One of the key architectural benefits is how we build up arrays of these cores—up to 472 in our largest devices and down to smaller devices with less than 10. These AI engines give tremendous scalability through the range of devices. There is high interface bandwidth to get data in and out of the AI engine array and from tile to tile within the array. This, along with a customizable memory hierarchy, enables very efficient application acceleration.
So, now we will look at the AI engine array at the top level and then drill down the hierarchy. The AI engine array integrates a two-dimensional array of AI engine tiles. Each AI engine tile includes the AI engine, local memory, and interconnect. Each AI engine tile is an ISA-based vector processor that is software programmable. Each tile integrates a very long instruction word or VLIW processor, integrated memory, and interconnects for streaming, configuration, and debug. Each AI engine also has a memory tile. This is a tile including memory local to the array.

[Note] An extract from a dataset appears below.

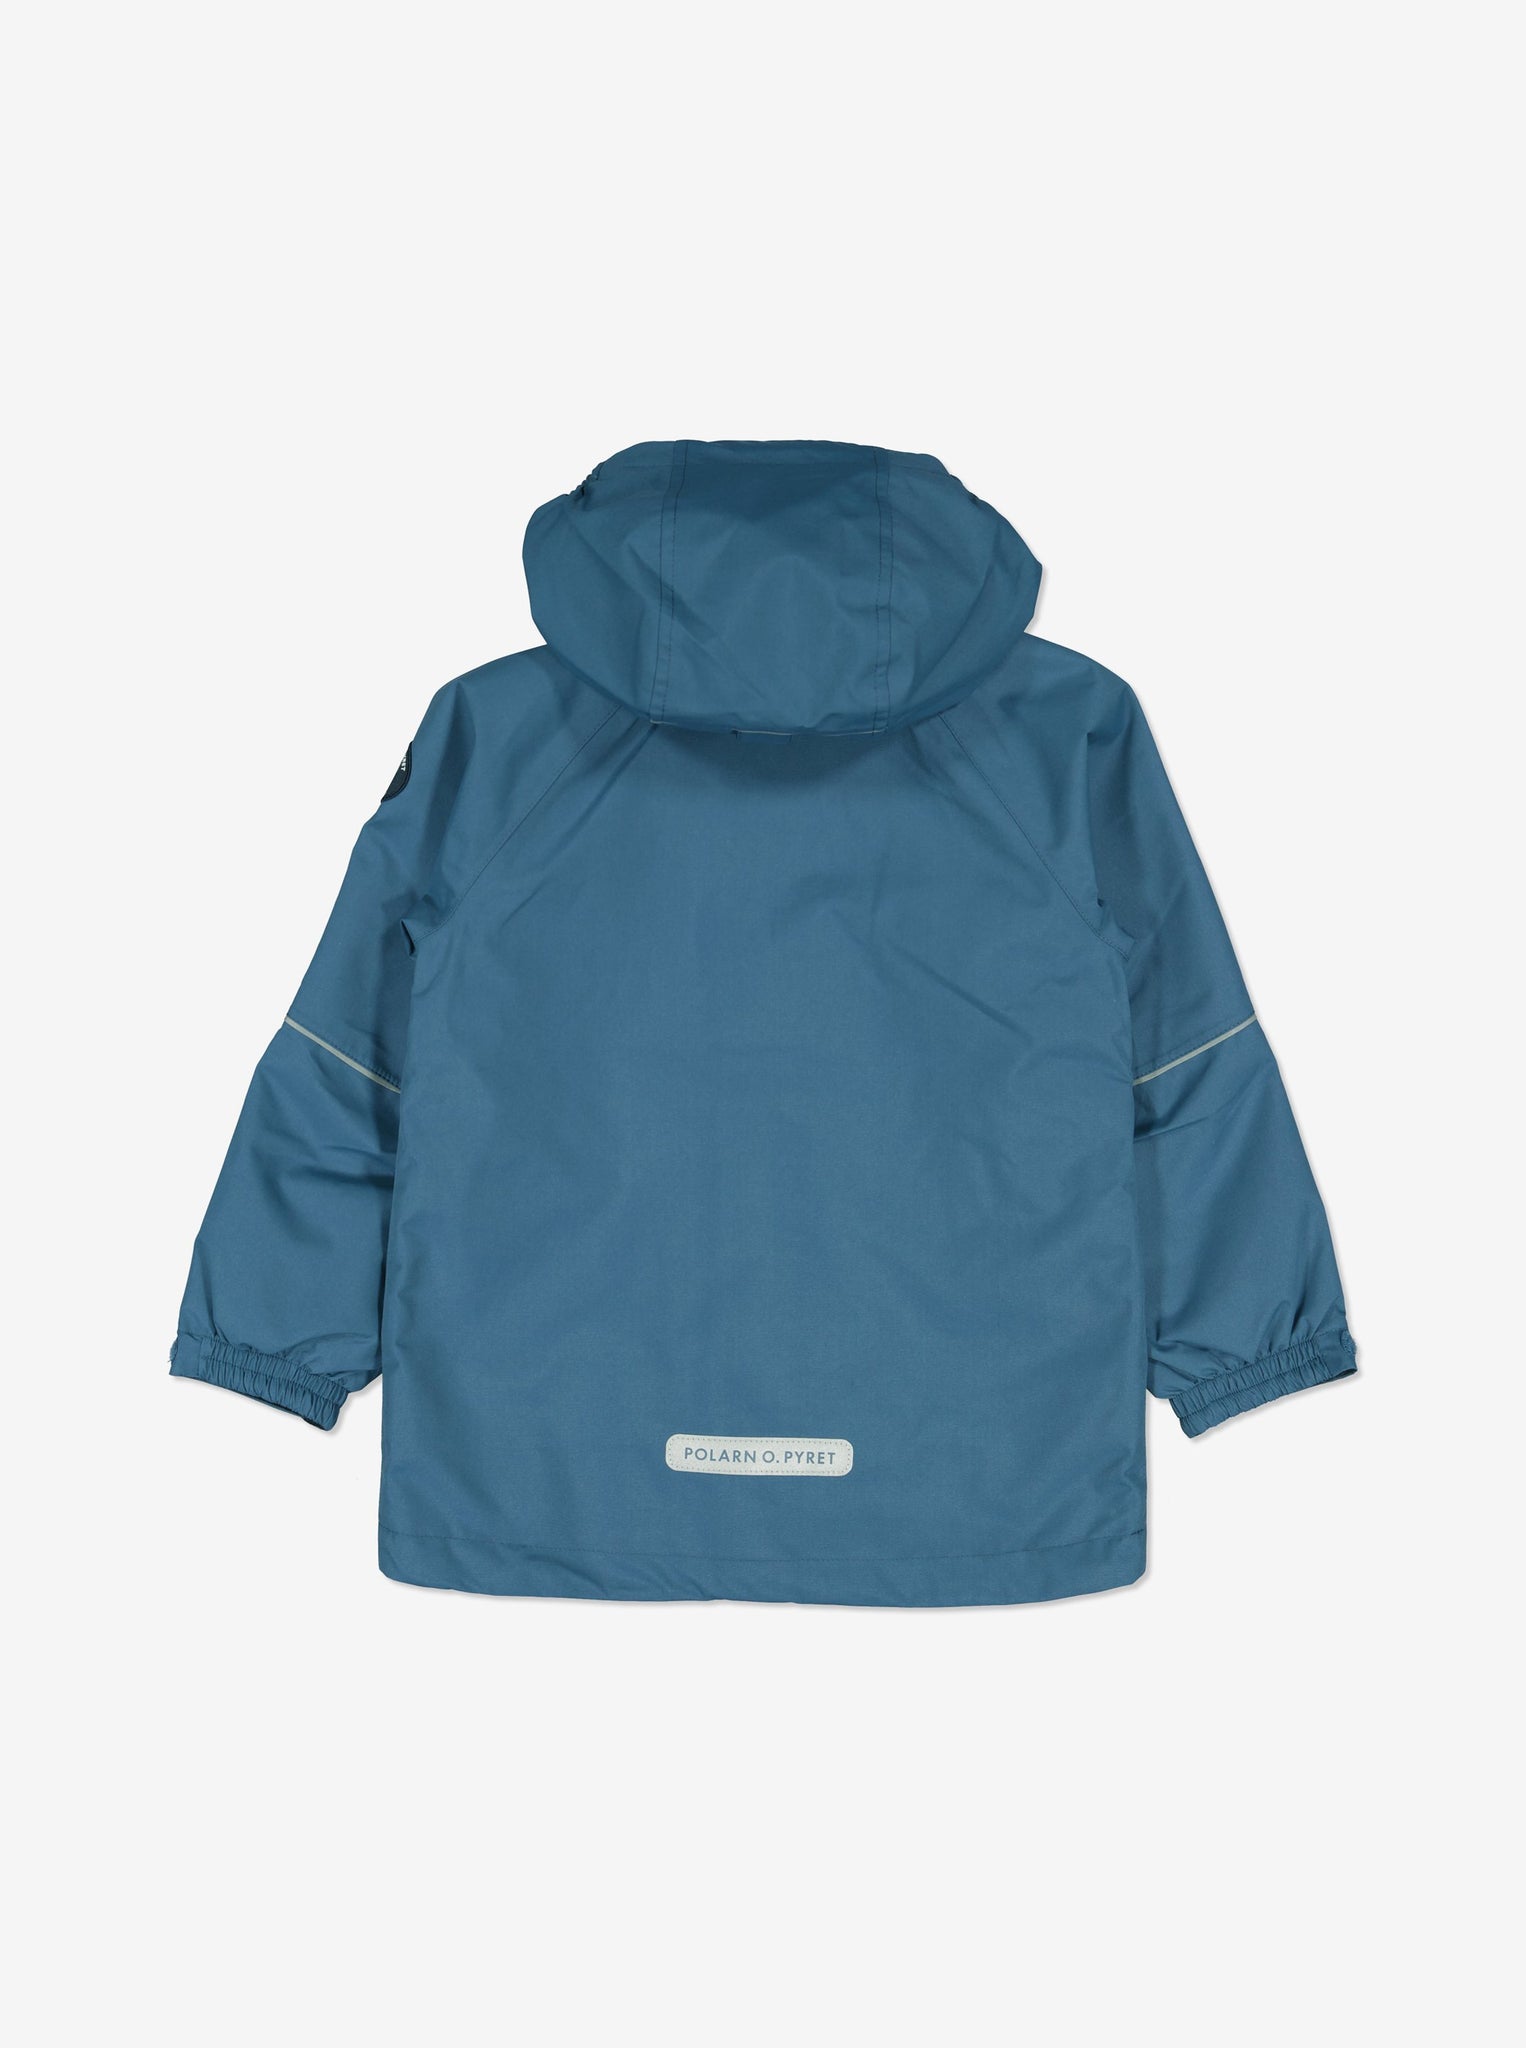 Blue Kids Waterproof Jacket from Polarn O. Pyret Kidswear. Waterproof Kids Jacket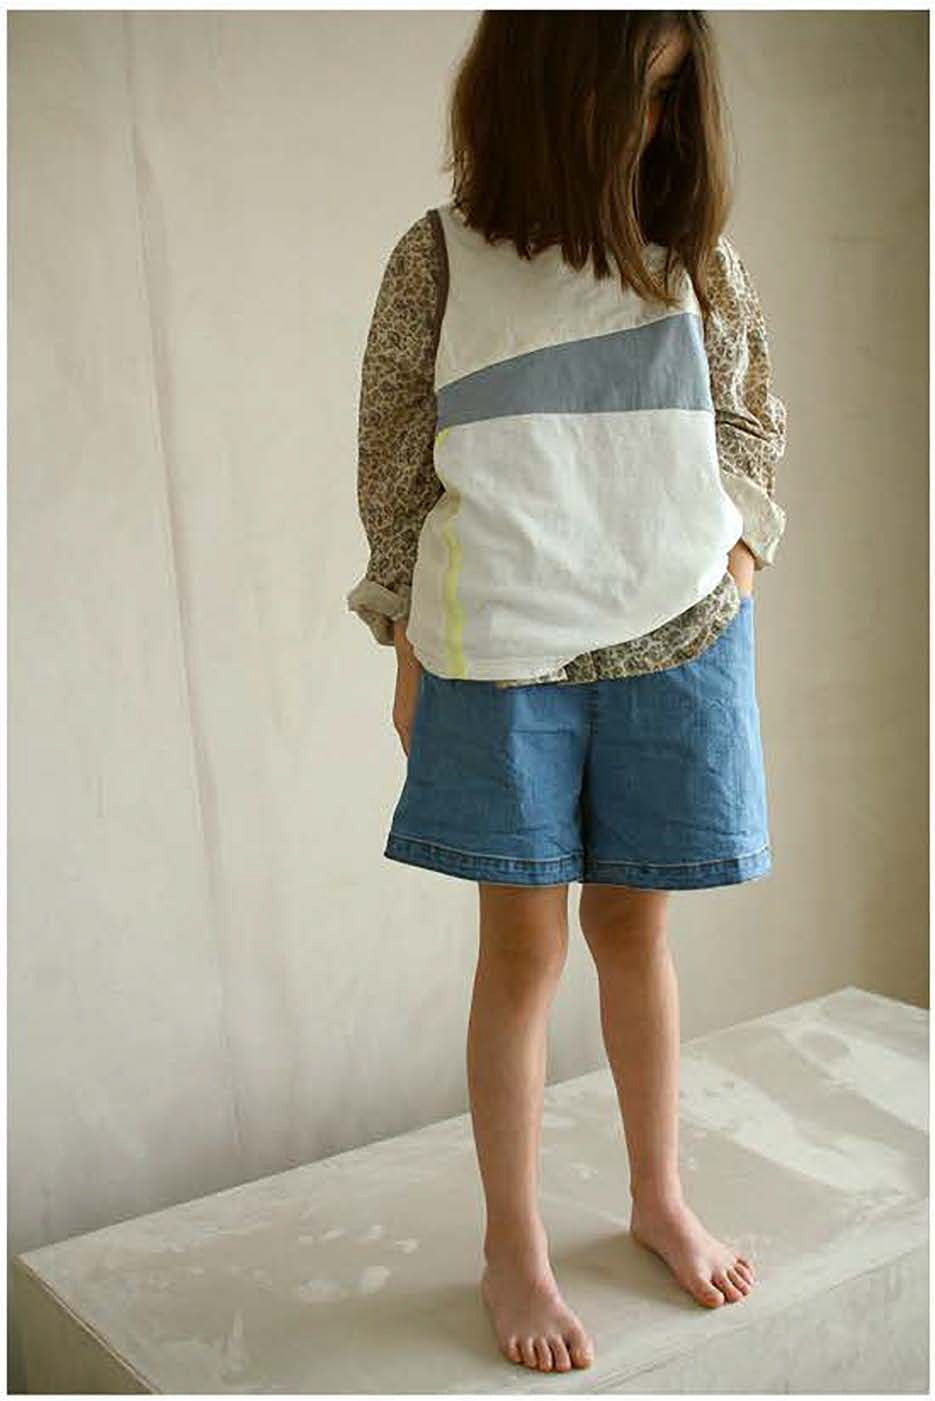 Tambere Becky Kid's Buttondown Shirt Beige Paisley Cotton | BIEN BIEN www.bienbienshop.com

Now let’s look at each AI engine tile more closely. The AI engine is a long instruction word VLIW processor with single instruction, multiple data, or SIMD vector units. This VLIW vector processor is hardened in seven nanometer at one gigahertz at the lowest speed grade, and increasing for faster speed grades. It is software programmable, so you can write C, C++ code, and a compiler will schedule and compile all instructions. The AI engine has a 32-bit scalar unit and a vector unit that supports both fixed-point and floating-point precision. The AI engine also has 16 kilobytes of program memory, an instruction fetch and decode unit, two load units, one store unit, and a control, debug, and trace unit. The control, debug, and trace unit is used for debug, trace, and profile functionality. The debugger connects to the platform management controller (PMC) on an AI engine-enabled Versal device using either a JTAG connection or a high-speed debug port (HSDP) connection.
Now let’s look at the interconnect resources with each AI engine tile. There is first a memory interface that allows each AI engine tile to use the memory embedded in the neighboring tiles. Of course, remember that each tile also has its own local memory. There is also a cascade interface that enables one to transfer partial results from one AI engine to another if more computation is required. There is an interconnect block that is a deterministic, 32-bit interconnect that allows communication with other AI engines and between AI engine and programmable logic. Finally, the local memory block also has data movers that allow non-neighbor data communication.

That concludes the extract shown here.